◆ **Data provided**
>>>>>
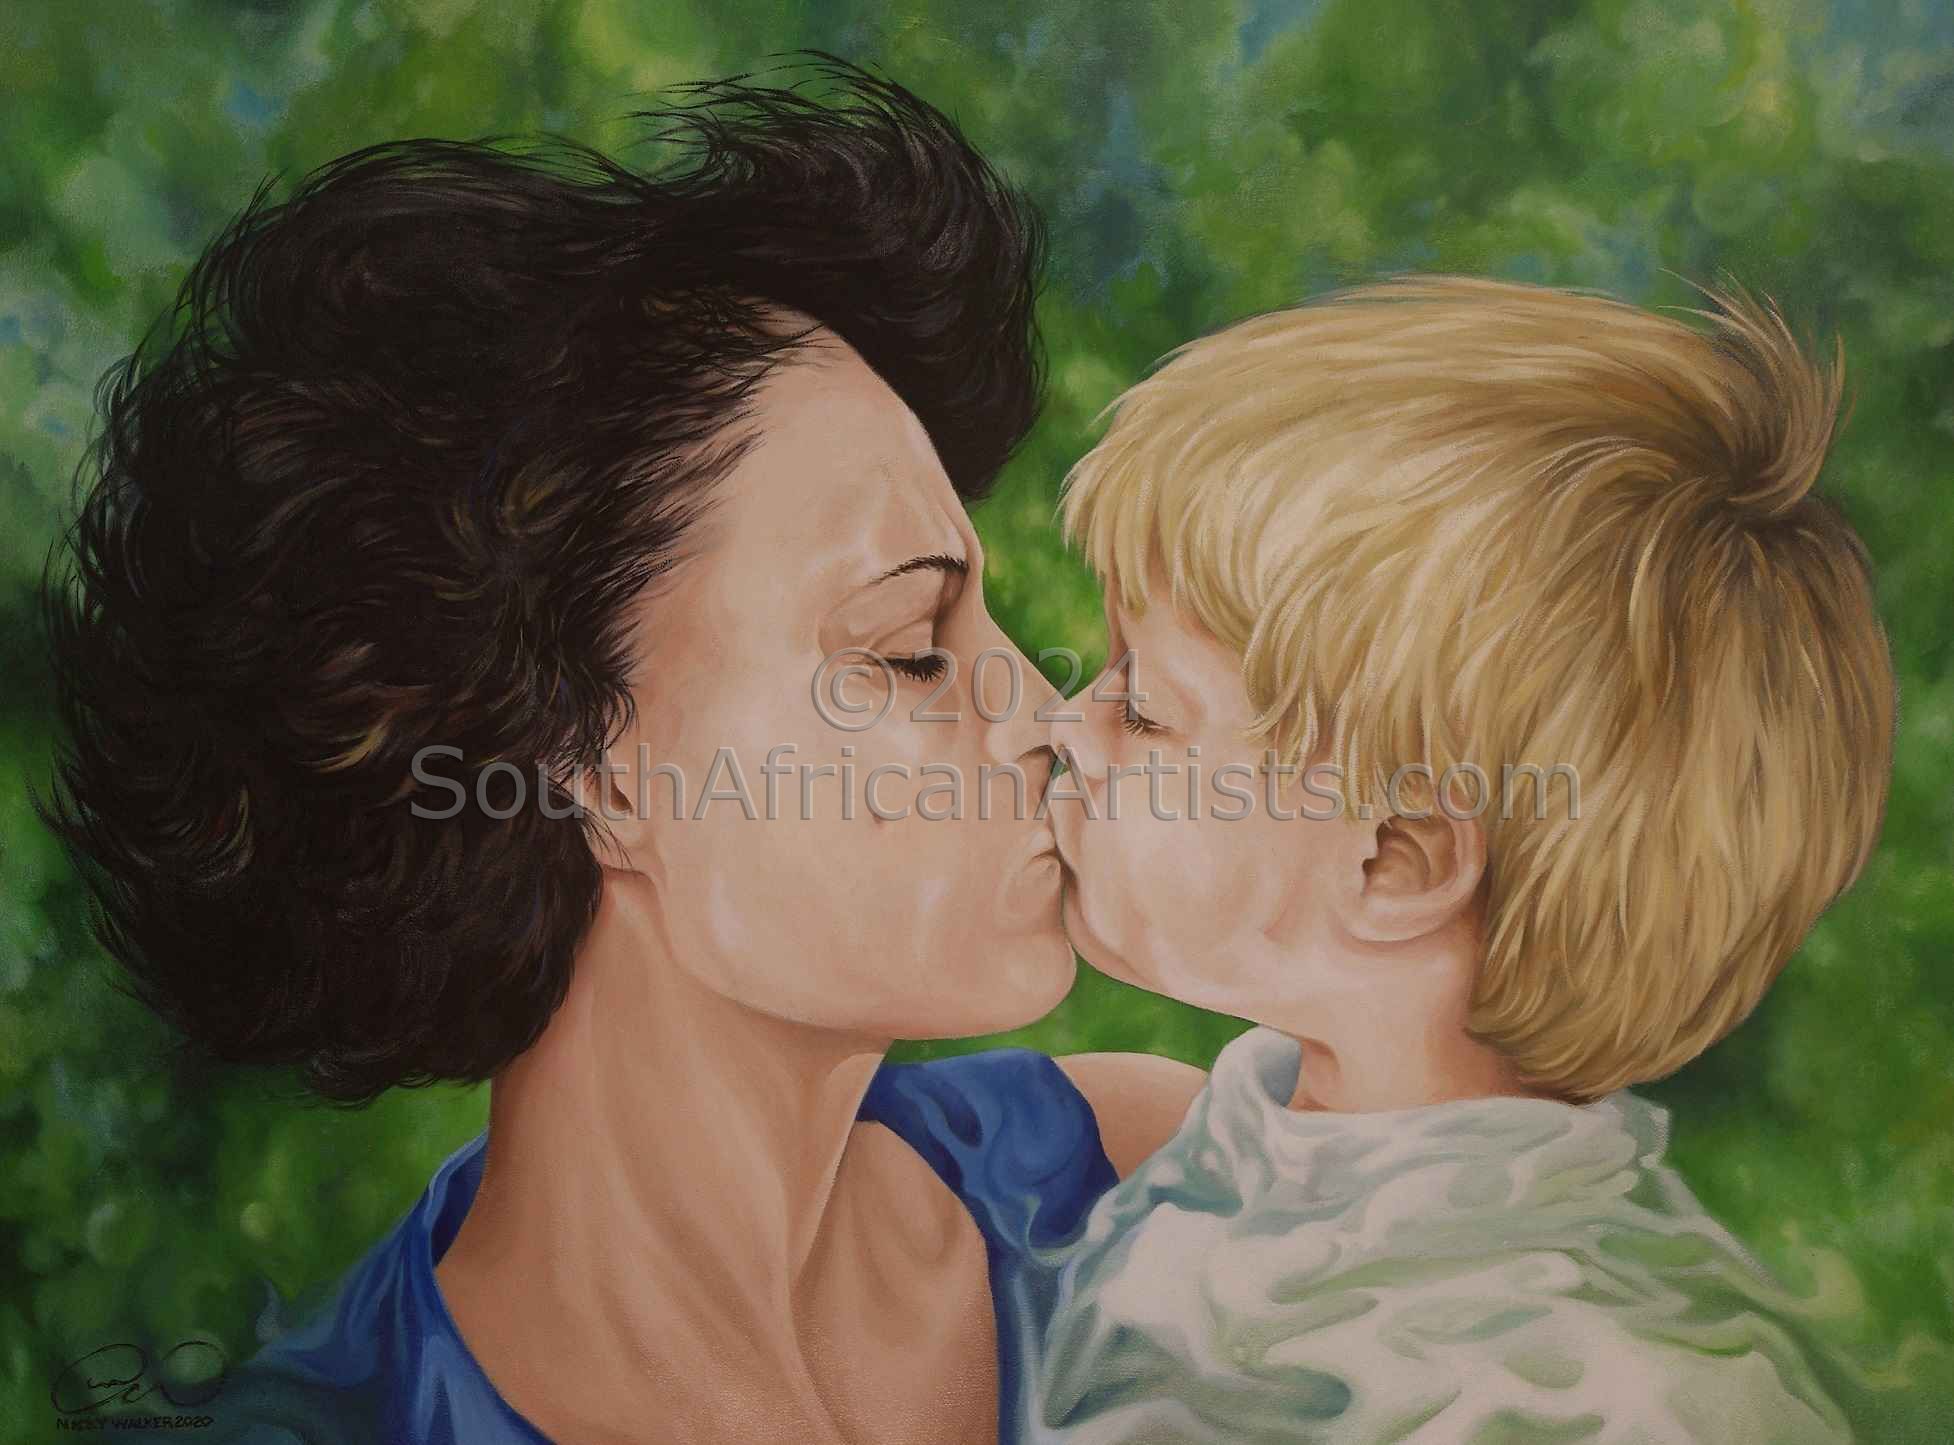 THE KISS Maria and Son Nicholas
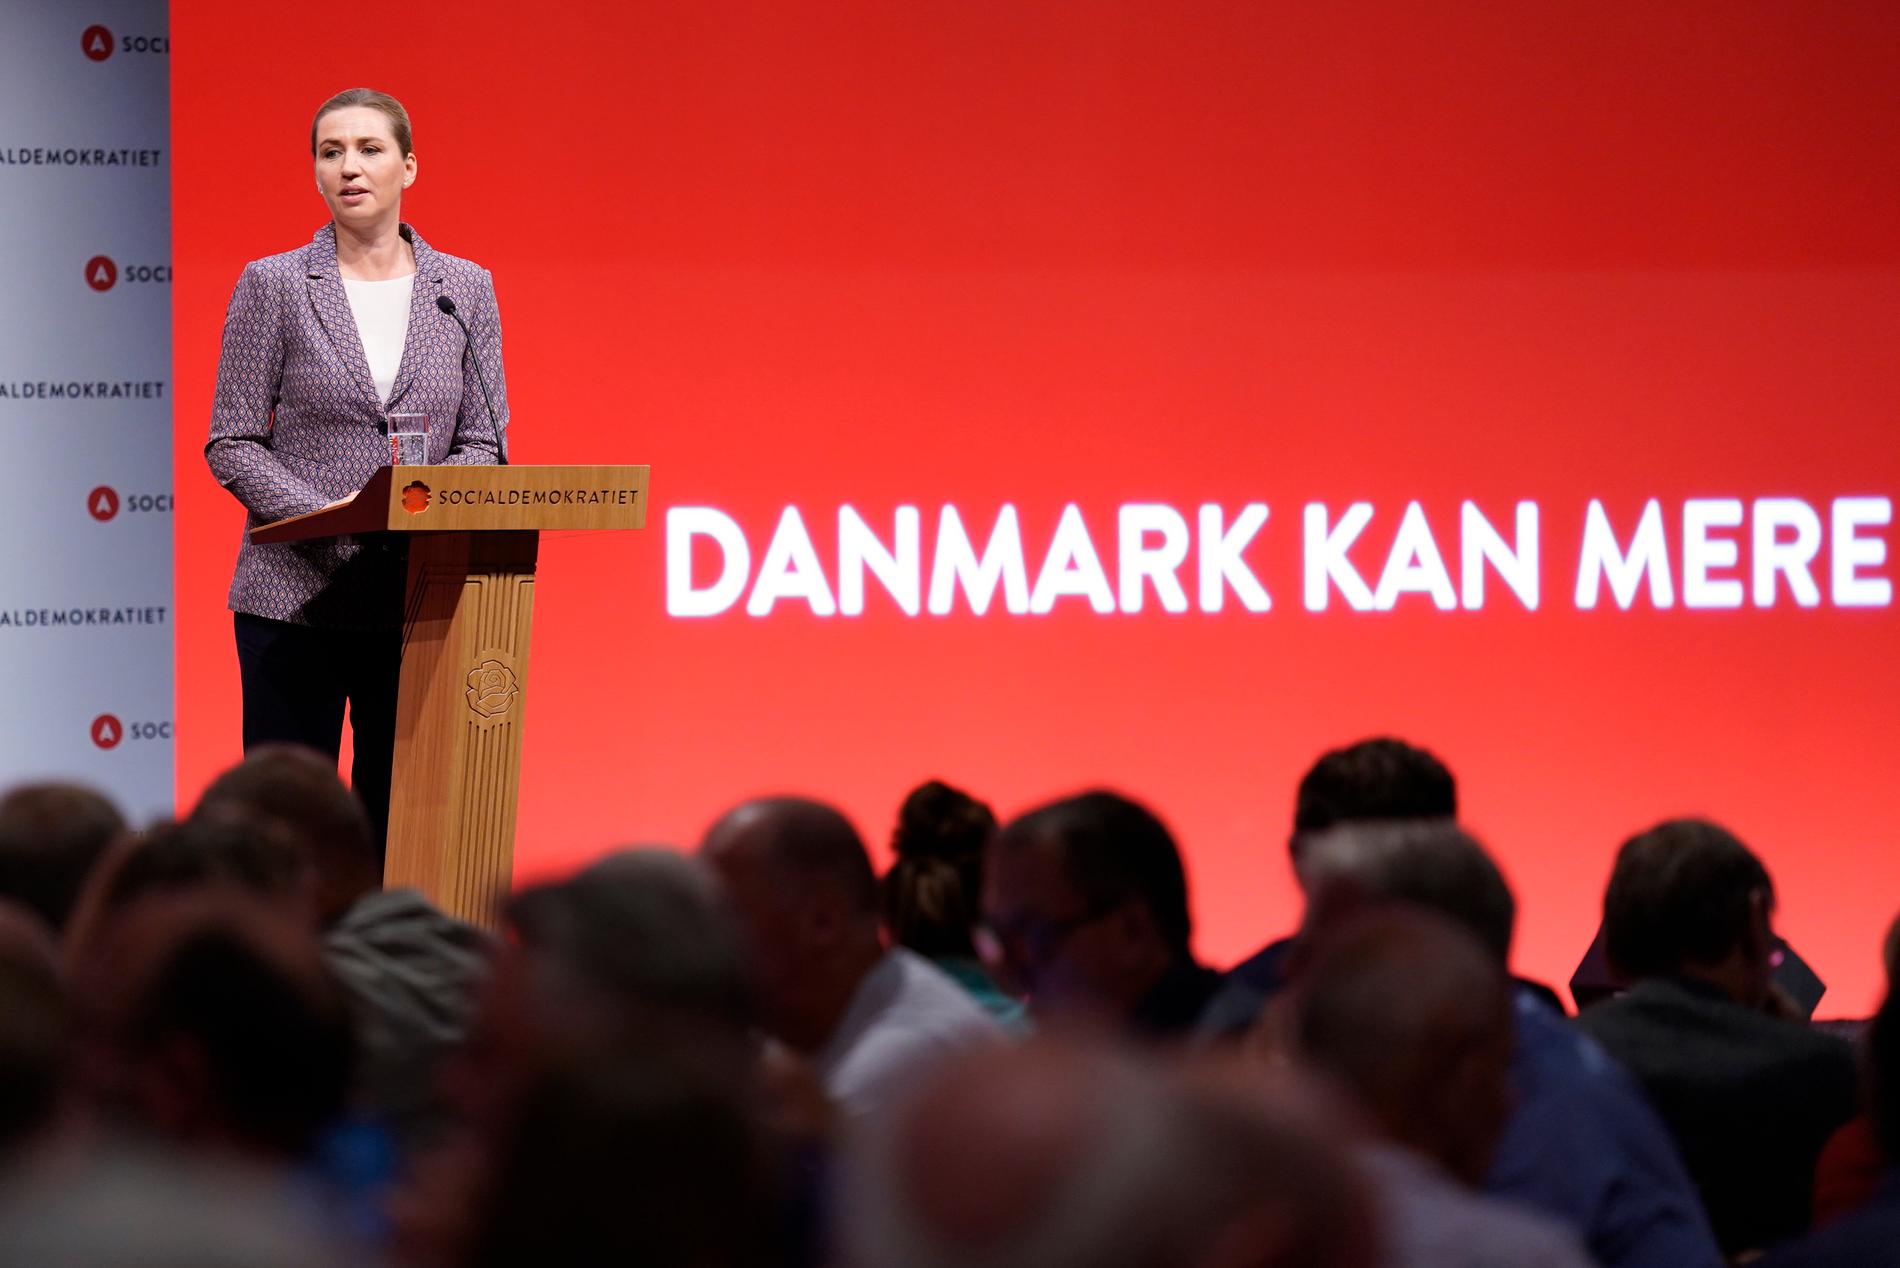 Danmarks statsminister Mette Frederiksen under kongressen på lördagen.
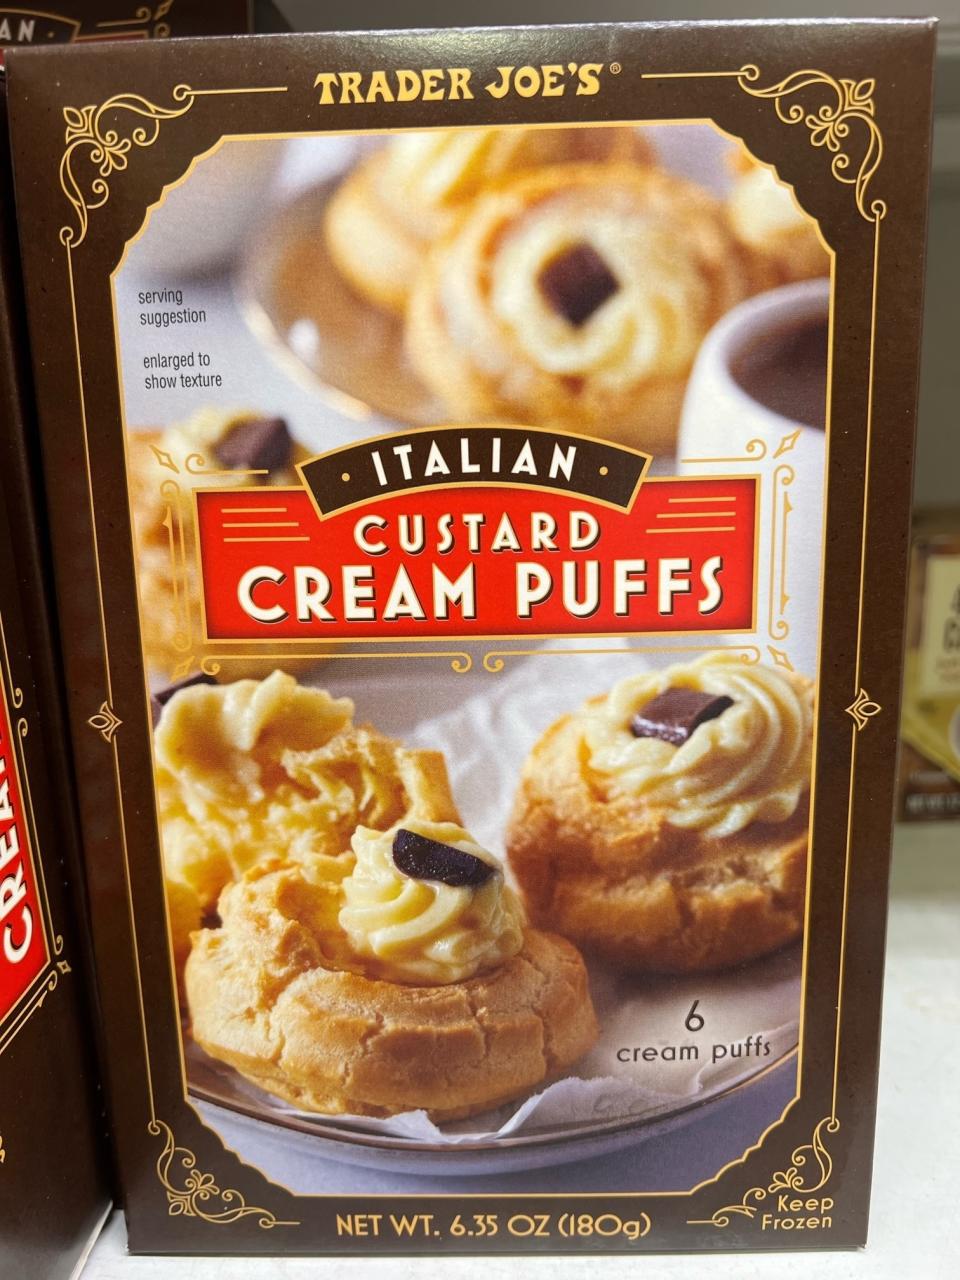 A box of Italian Custard Cream Puffs.
<<<<<
◆ **About this exercise**
Your copy should hold exactly the lines from the line bearing "Danmarks statsminister Mette" through the end of the data, both included, and no pictures or anything further.

◆ **Solution for this exercise**
 Danmarks statsminister Mette Frederiksen under kongressen på lördagen.
 A box of Italian Custard Cream Puffs.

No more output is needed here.